Wax or hard mud?
WAX OR HARD MUD?
Mario D’Couto
We just celebrated the feast of the
Epiphany a few days ago. As I reflect on this, what strikes me as about this is
two contrasting positions (read on to find out). If you have read my blogpost/article,
“Christmas – A time to reflect”, this is just to reiterate what was mentioned
before.

God Almighty invites us to a
personal communion with Him. Do we become insecure and feel uncomfortable with the
thought that if we come closer to God, we may have to give up certain
things, in fact, it so happens that more often than not a lot of atheists do
not want to believe in an all powerful God or some may not like to do anything
with God because doing so would challenge their lives, demanding them to put
effort to live more uprightly, or do we welcome Him with open arms knowing that
following His precepts would free us to do more good rather than bind us?

“’The
Divine Disturber’ would provoke human hearts either to good or evil.

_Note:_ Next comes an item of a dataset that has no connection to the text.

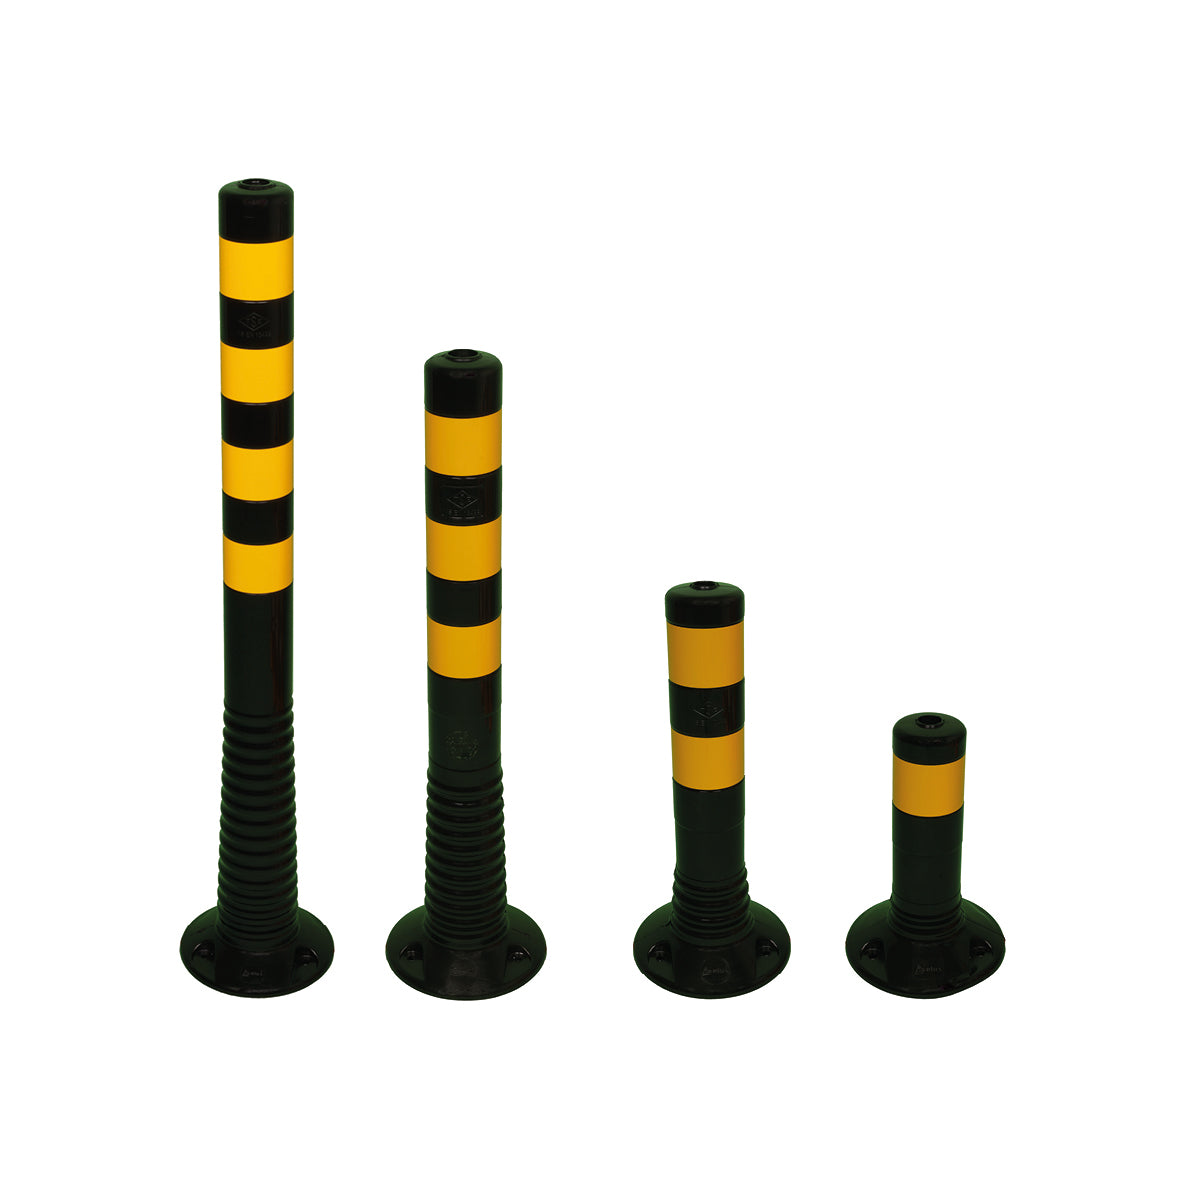 Flexipfosten, schwarz, ø 80 mm, 1000 mm, 4 gelb reflektierende Streifen, 1,48 kg

Once confronted
by Him, they must subscribe to light or darkness. Before everyone else they can
be ‘broadminded’, but His Presence reveals their hearts to be either fertile
ground or hard rock. He cannot come to hearts without clarifying them and dividing
them, once in His Presence, a heart discovers both its own thoughts about goodness
and its own thoughts about God.
This could never be so if He were just
a humanitarian teacher. Simeon knew this well and he told our Lord’s Mother
that Her Son must suffer because His life would be so much opposed to the complacent
maxims by which most people govern their lives. He would act on one soul in one
way and on another, in another way, just as the sun shines on wax and softens
it and shines on mud and hardens it. There is no difference in the sun, only in
the objects on which it shines. As the Light of the World, He would be a joy to
the good and the lovers of light but He would be a probing searchlight to those
who were evil and preferred to live in darkness. The seed is the same, but the soil
is different and each soil will be judged by the way it reacts to the seed. The
will of Christ to save is limited by the free reaction of each soul either to
accept or reject.”

He (Dr. Hahn) went on to say, “I have
to admit, John that, that kind of God threatens my present state of existence
and my lifestyle. If I were going to invent a god, I’d probably make one, more congenial
to my whims. And if I didn’t have the sense to invent him that way in the first
place, I’d at least invent a god who could change his mind.”
From the above encounter between Dr.
Hahn and his student, it gives us an insight into the mind of an atheist and the
agnostic which for them, God is nothing but a fairy – tale or a substitute in
order to make up for the incompleteness or the void in human life. The pioneer
of his trend of thinking goes back to a philosopher name Ludwig Feuerbach, who
later went on to influence Fredrich Nietzsche and Karl Marx.
Fyodor Dostoyevsky, a novelist and a
contemporary of Ludwig Feuerbach once made a statement, “If God did not exist
then everything is permitted.” This in other words tell us that atheism and
agnosticism is not so much an intellectual problem but a problem of the will. Despite
the various sources found in order to prove God’s existence, some people just
cannot bear the fact that God is real and that is precisely because they want to
live on their own terms, not according to God’s will.
In Romans 1:18, St. Paul recounts
how so many people trod along the downward spiral of sin. In his view,
immorality and unbelief are co – dependent dispositions. People must ignore or
deny God if they want to do things that are objectively wrong. And as these actions
become habitual, so does their ignorance or denial of God.
A person may or may not be a hardcore
atheist and the reason I say this is because although one may claim to be a believer
and not an atheist, it’s the attitude that also makes a difference. It’s one
thing to know God but act like it did not matter while it is another thing to
fall down but get back up and strive to make right what one has done wrong.